EXERCISE AIM:
From the entries below, reproduce exactly the lines from the one with "So Real 48mm" through the one with "Red dress shoes", both included, without images.

RECORDED INFORMATION:
========

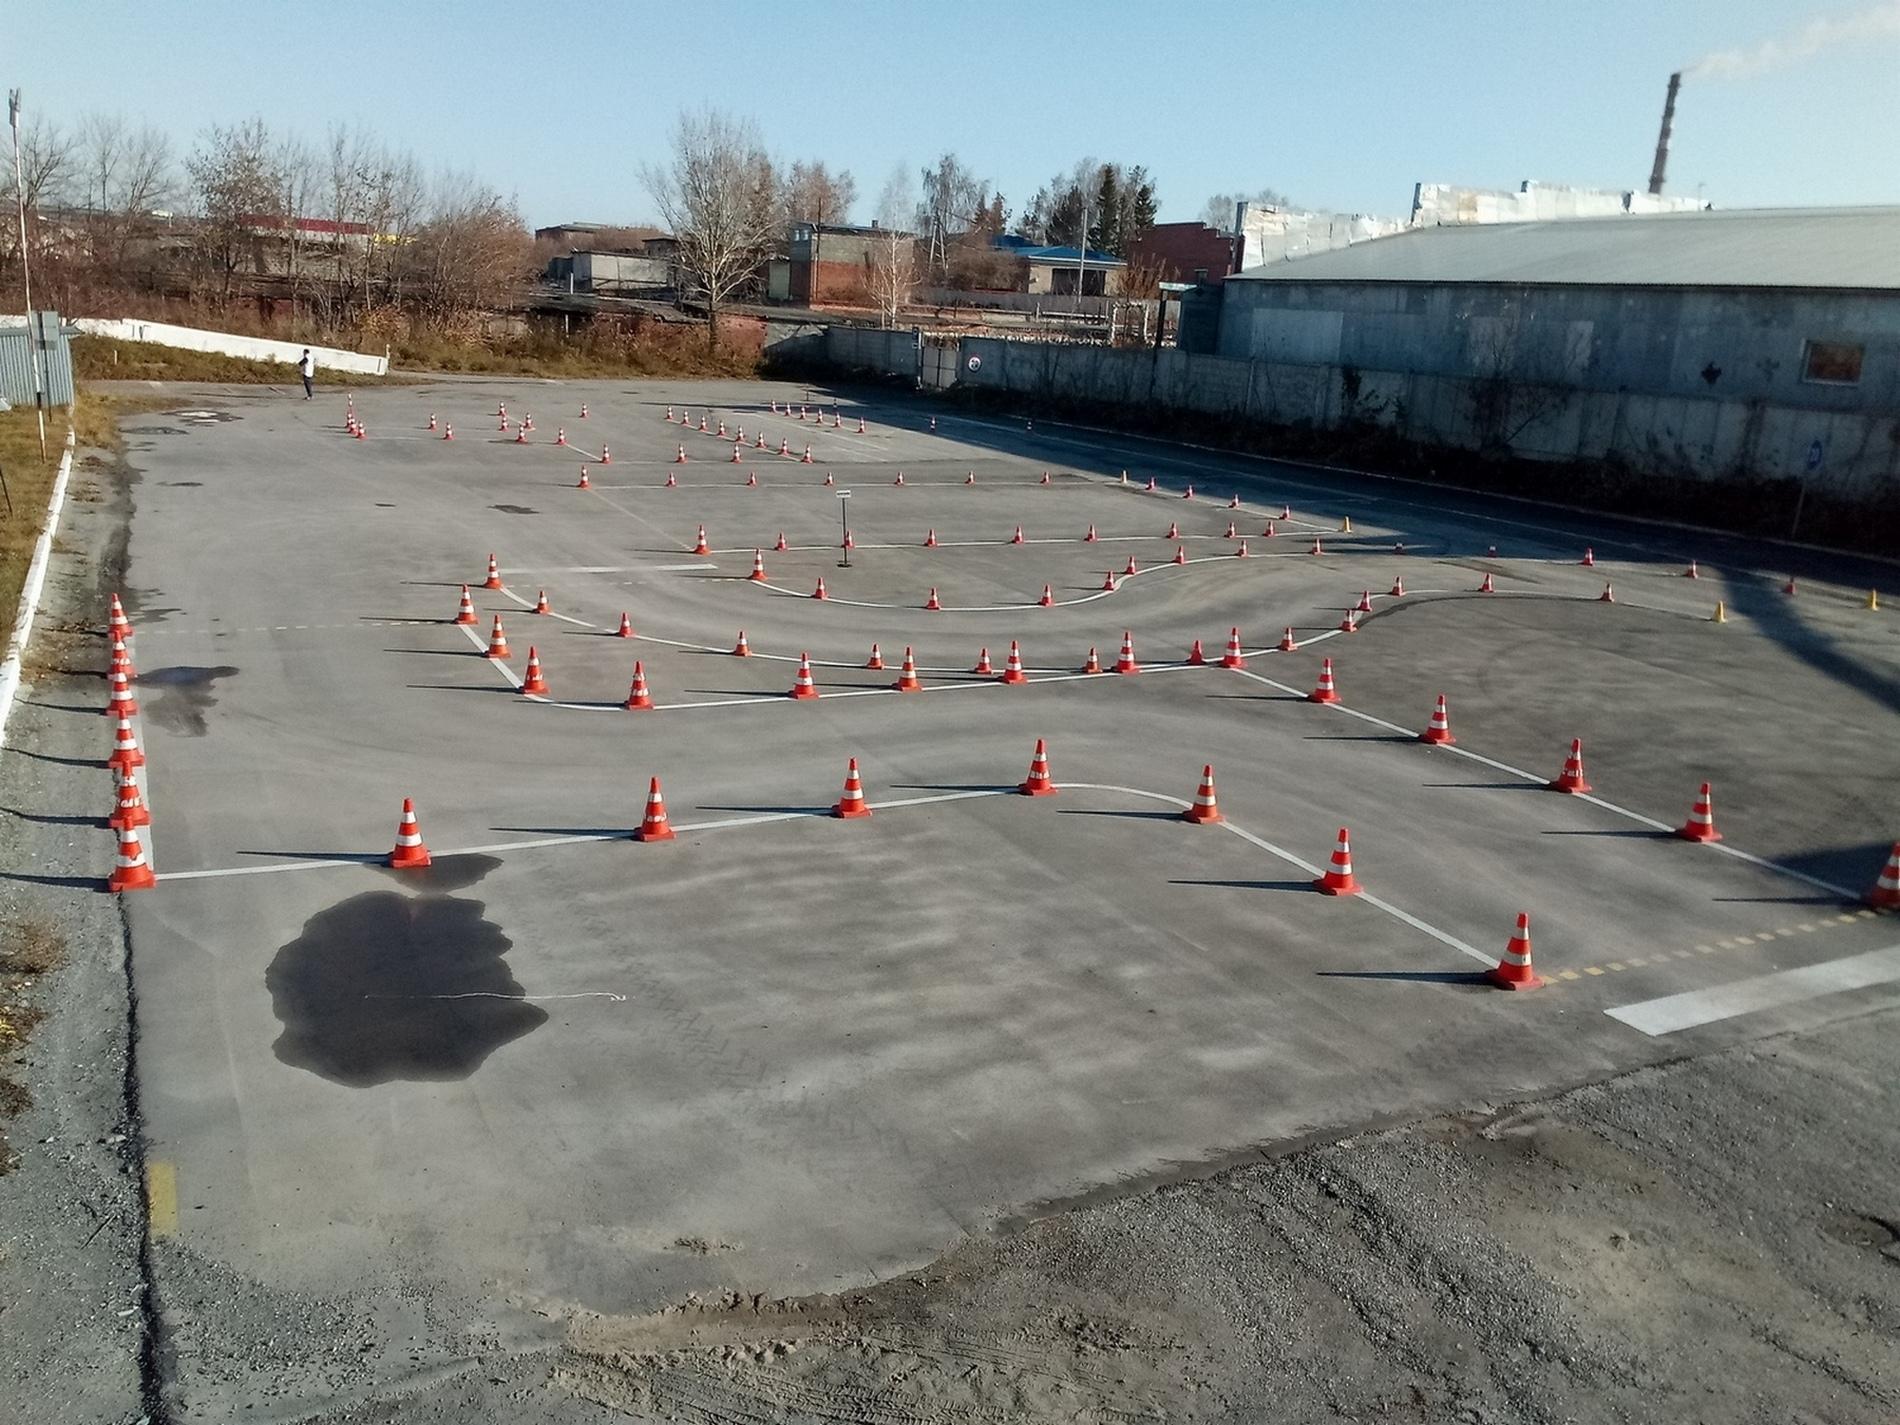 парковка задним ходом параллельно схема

========

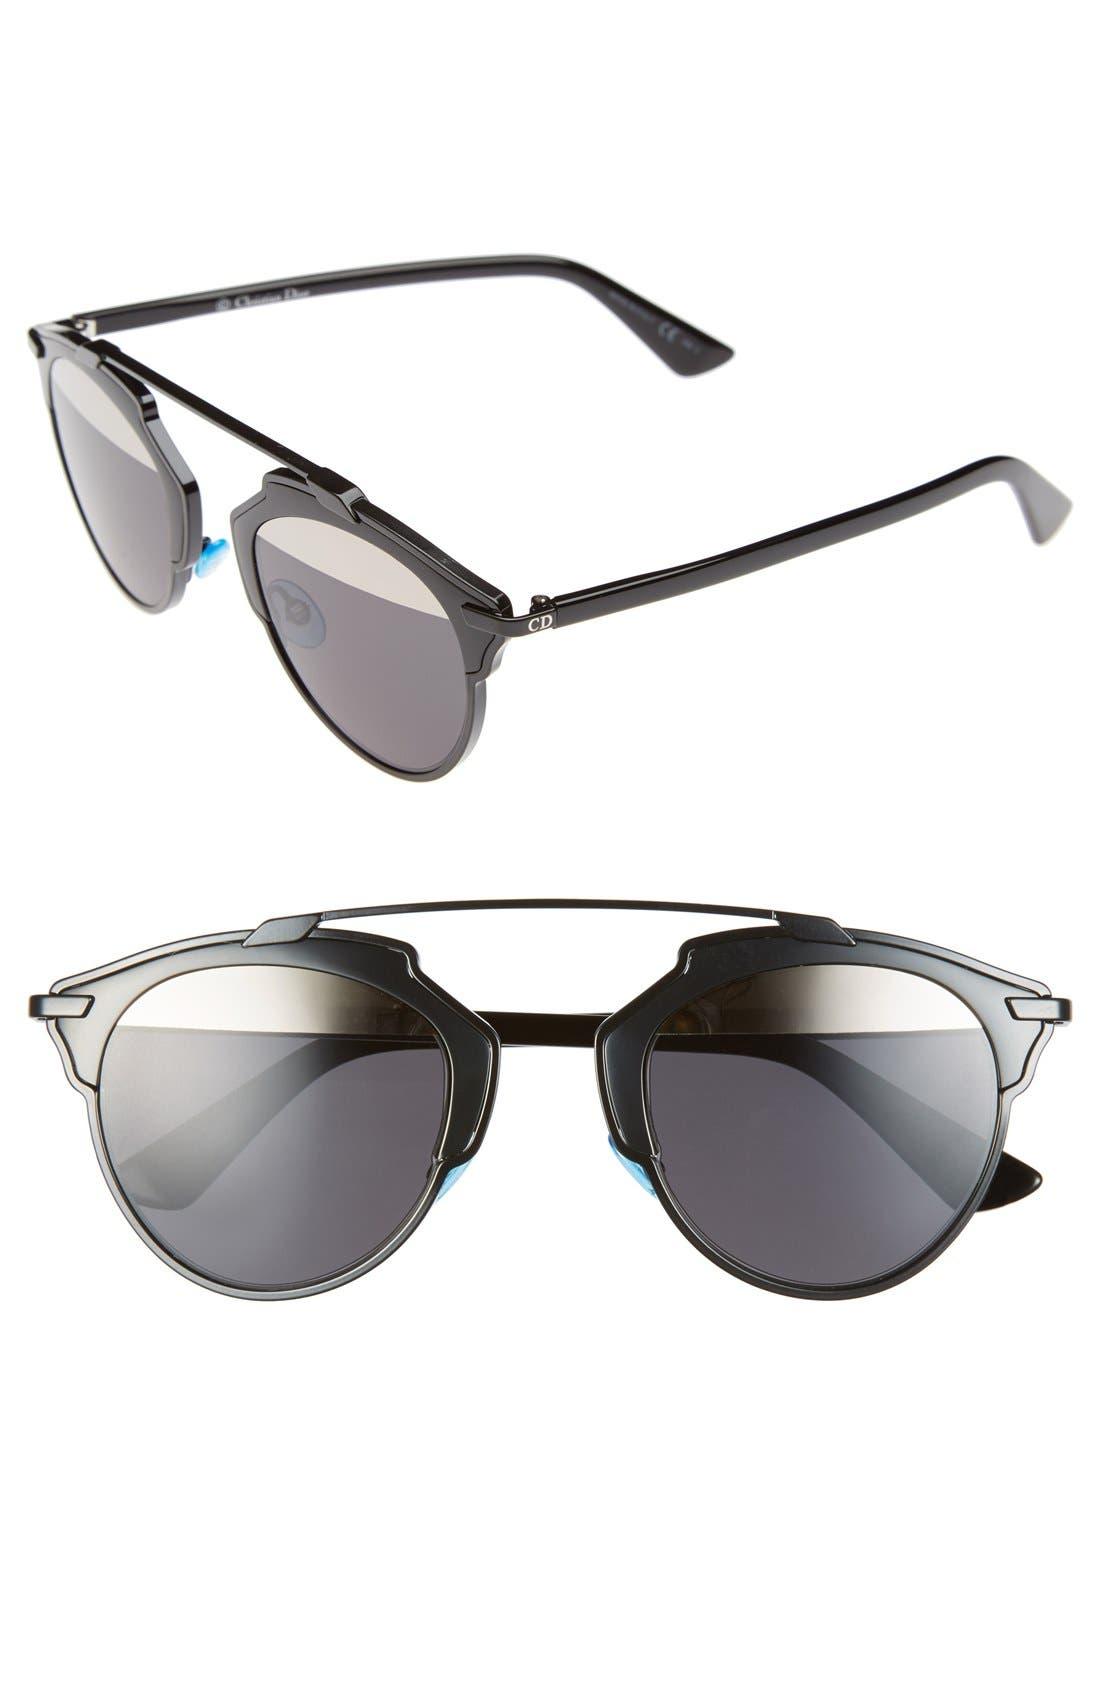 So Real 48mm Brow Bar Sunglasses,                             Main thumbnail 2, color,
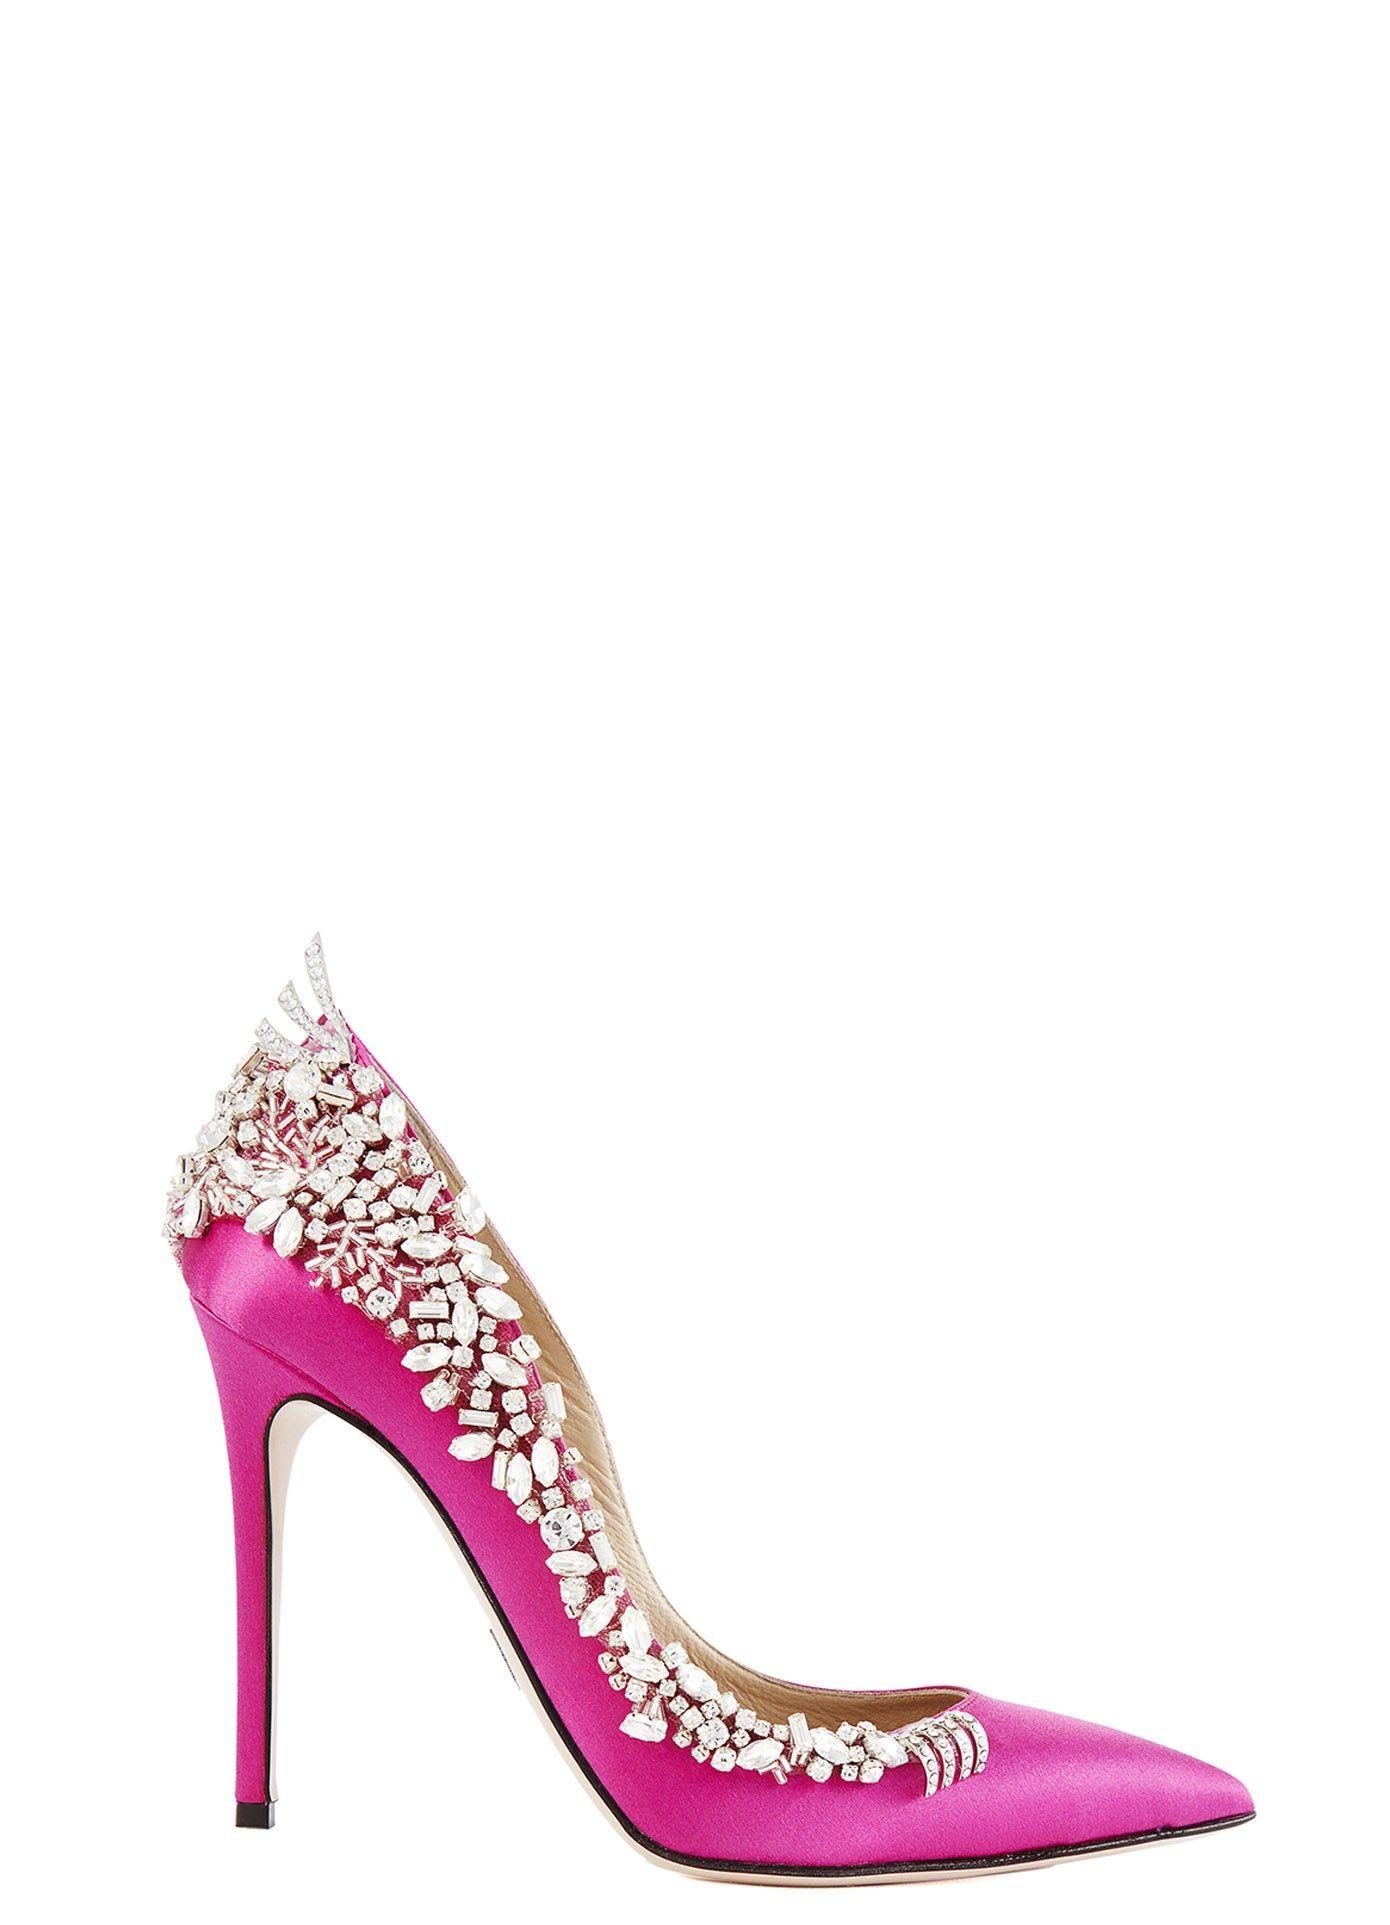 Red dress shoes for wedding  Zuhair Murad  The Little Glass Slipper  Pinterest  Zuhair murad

========

ANSWER BELOW:
 So Real 48mm Brow Bar Sunglasses,                             Main thumbnail 2, color,
 Red dress shoes for wedding  Zuhair Murad  The Little Glass Slipper  Pinterest  Zuhair murad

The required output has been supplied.